The town is lively with places open late at night. Not far from
the town are the châteaux de Panloy, de Crazannes and de la
Roche-Courbon. There are boat cruises on the Charente (www.moulin-baine.com).
Recommended restaurants in Saintes:
La Caravelle, 5 quai de la République, 17100
Saintes. tel 0546934565 Informal and friendly. Relatively good value.
Recommended restaurants near Saintes:
Saint Georges des Coteaux - LA FORGE
DE BACCHUS
7 ROUTE NATIONALE 137 (LA VALLEE) 17810 Tel: 05 46 92 25
60 sept 05 recommended by 2 couples
Saujon, Charente-Maritime - from
here you can catch an old steam train to La Tremblade - Train des
Mouettes (www.traindesmouettes.com).
People in 2005 paid 12€/head for adults for a return ticket,
the steam train was out of action and La Tremblade was disappointing.
St-Emilion, to most people the
appellation of a fine red wine, is a charming village in the middle
of the wine growing district. Its origins go back to the 8th century
when the hermit Emilion dug out a cave for himself in the rock -
useful place to recover from red wine hangovers. A monastery followed
and by the middle ages it became a small town. Recommended for a
visit.
St Maurice de Tavernol, Charente-Maritime-
not so famous for the wild orchids that can be seen here.

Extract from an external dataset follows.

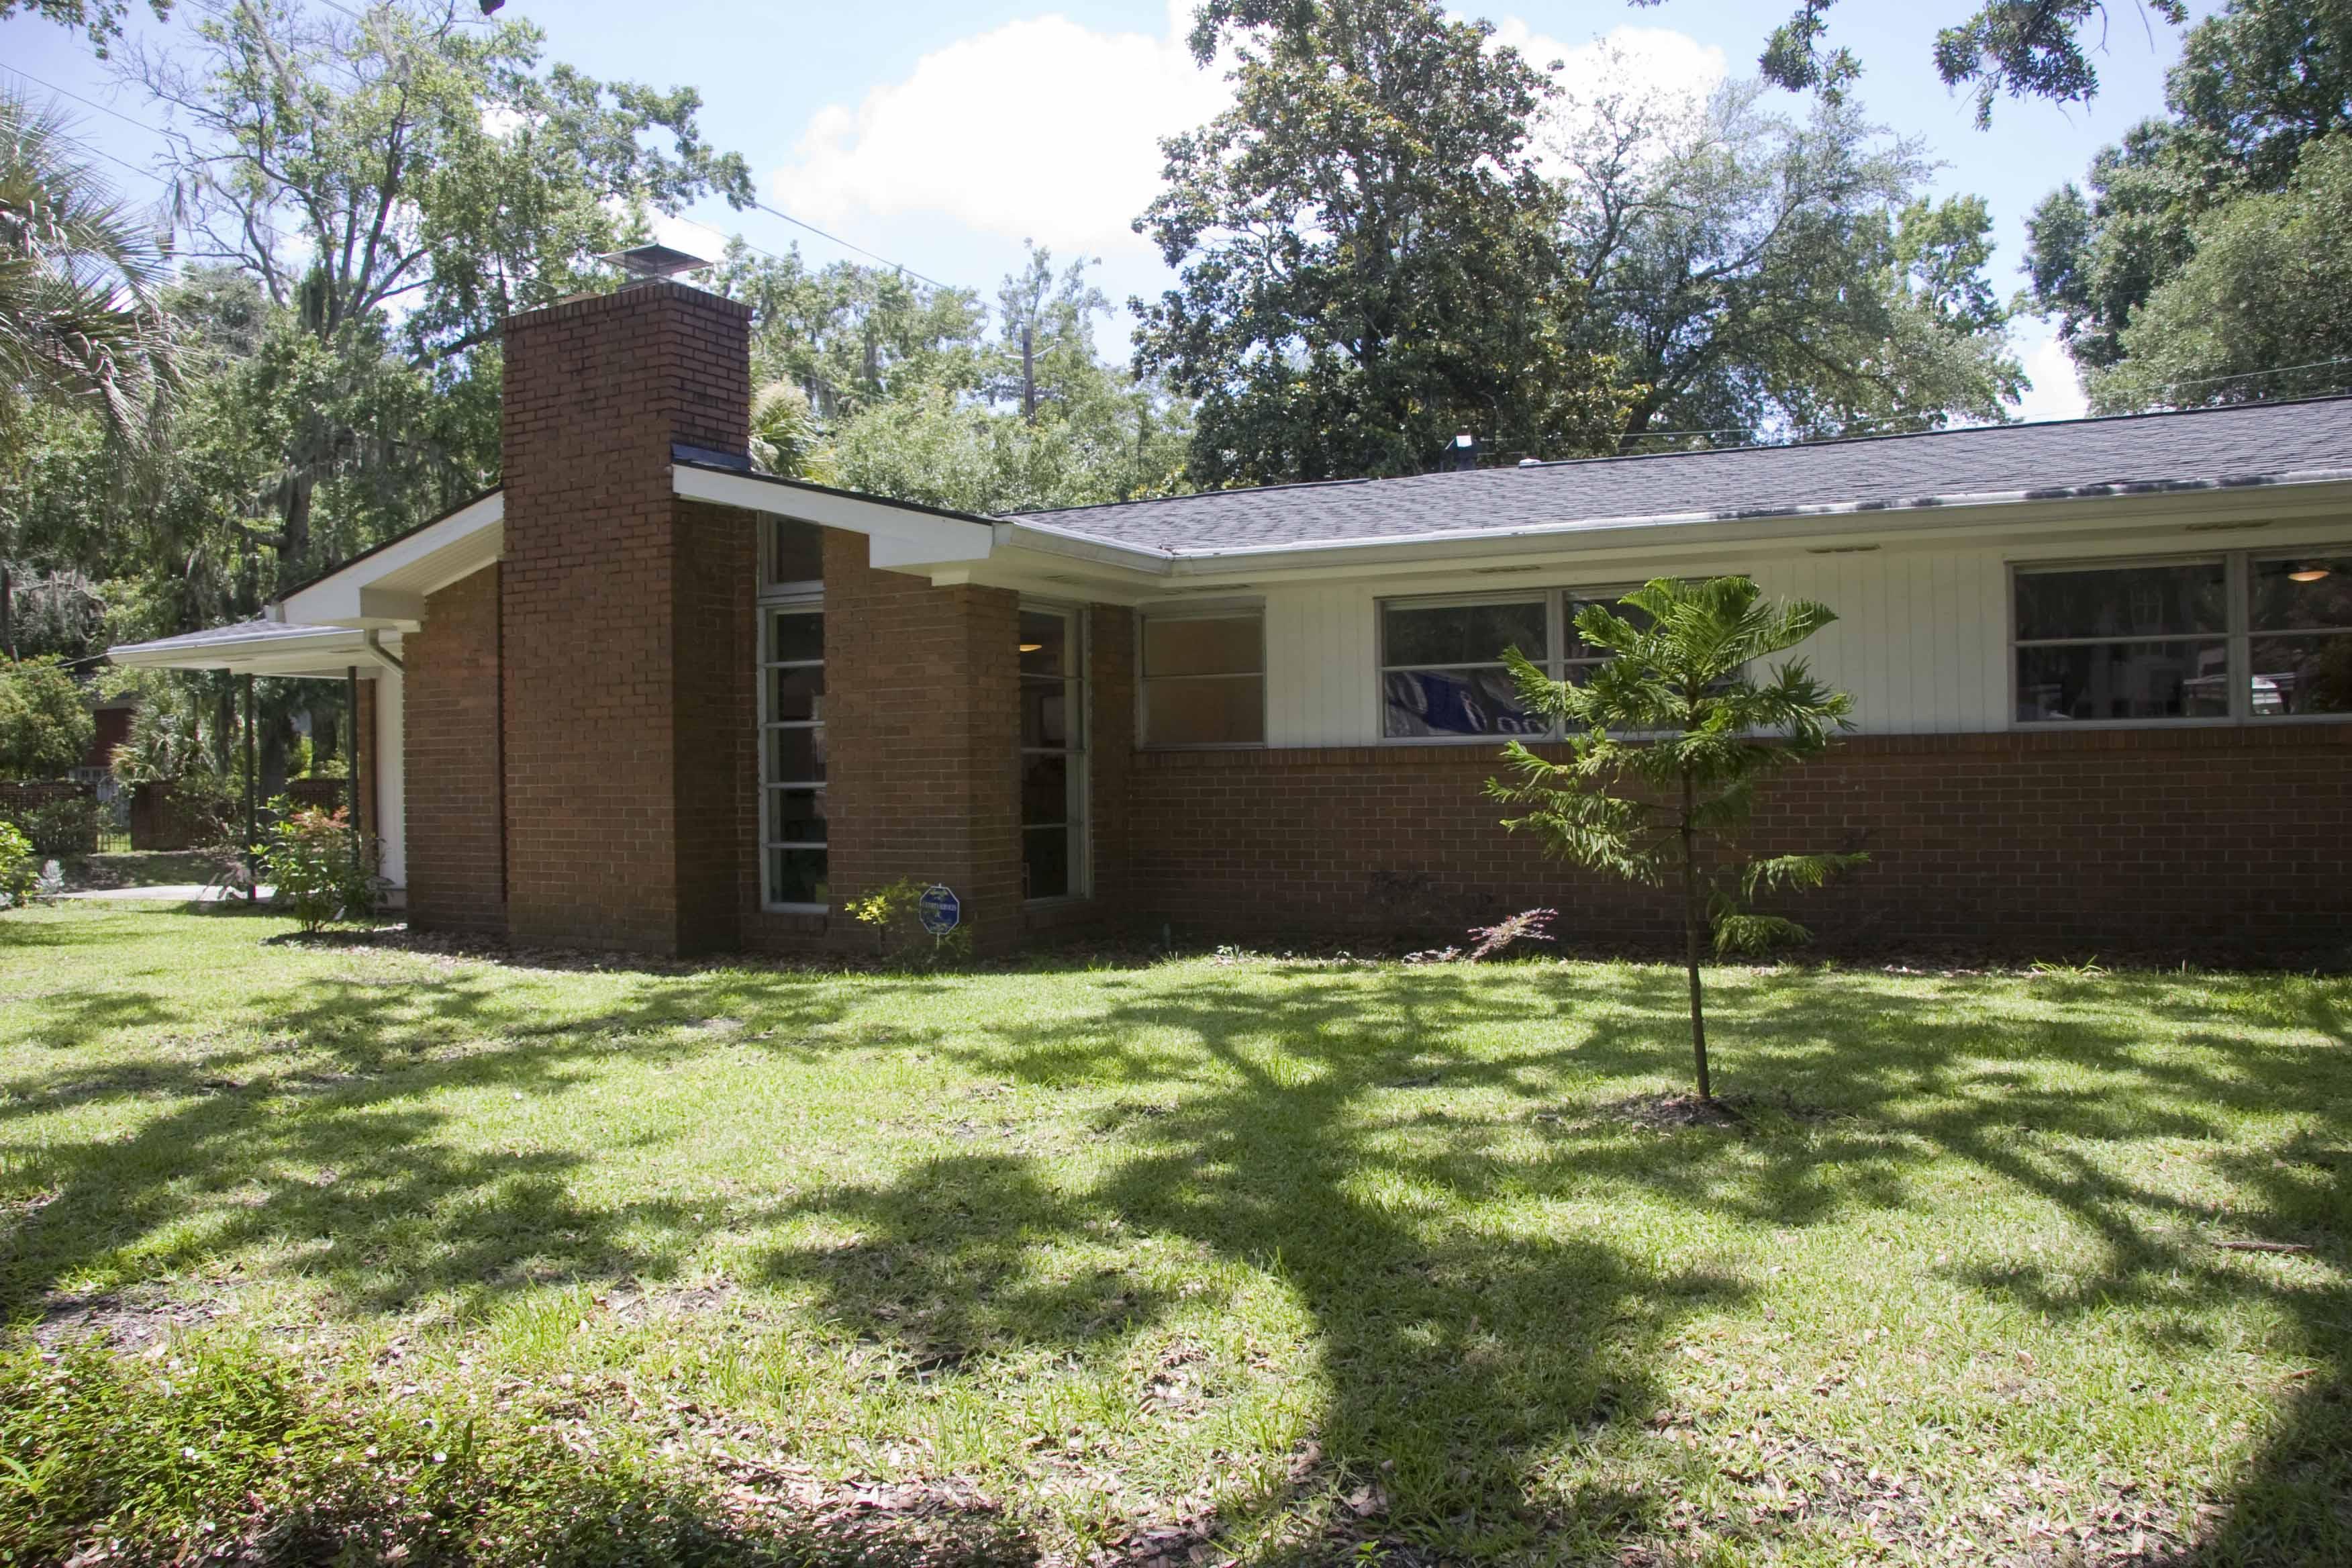 Mid-Century Modern Homes Tour in Savannah, GA

Talmont, Charente-Maritime. We
would recommend you have a quick stroll round this very picturesque
little village. The tiny Romanesque Eglise Ste-Radegonde was built
in 1094 on a spit of land overlooking the Gironde. The church has
a unique apse, designed to resemble the prow of a ship - which is
appropriate, since the nave has already fallen into the sea. A 15c
façade closes off what's left. Inside apparently are richly
decorated capitals, including a representation of St George and
the Dragon - We completely missed these.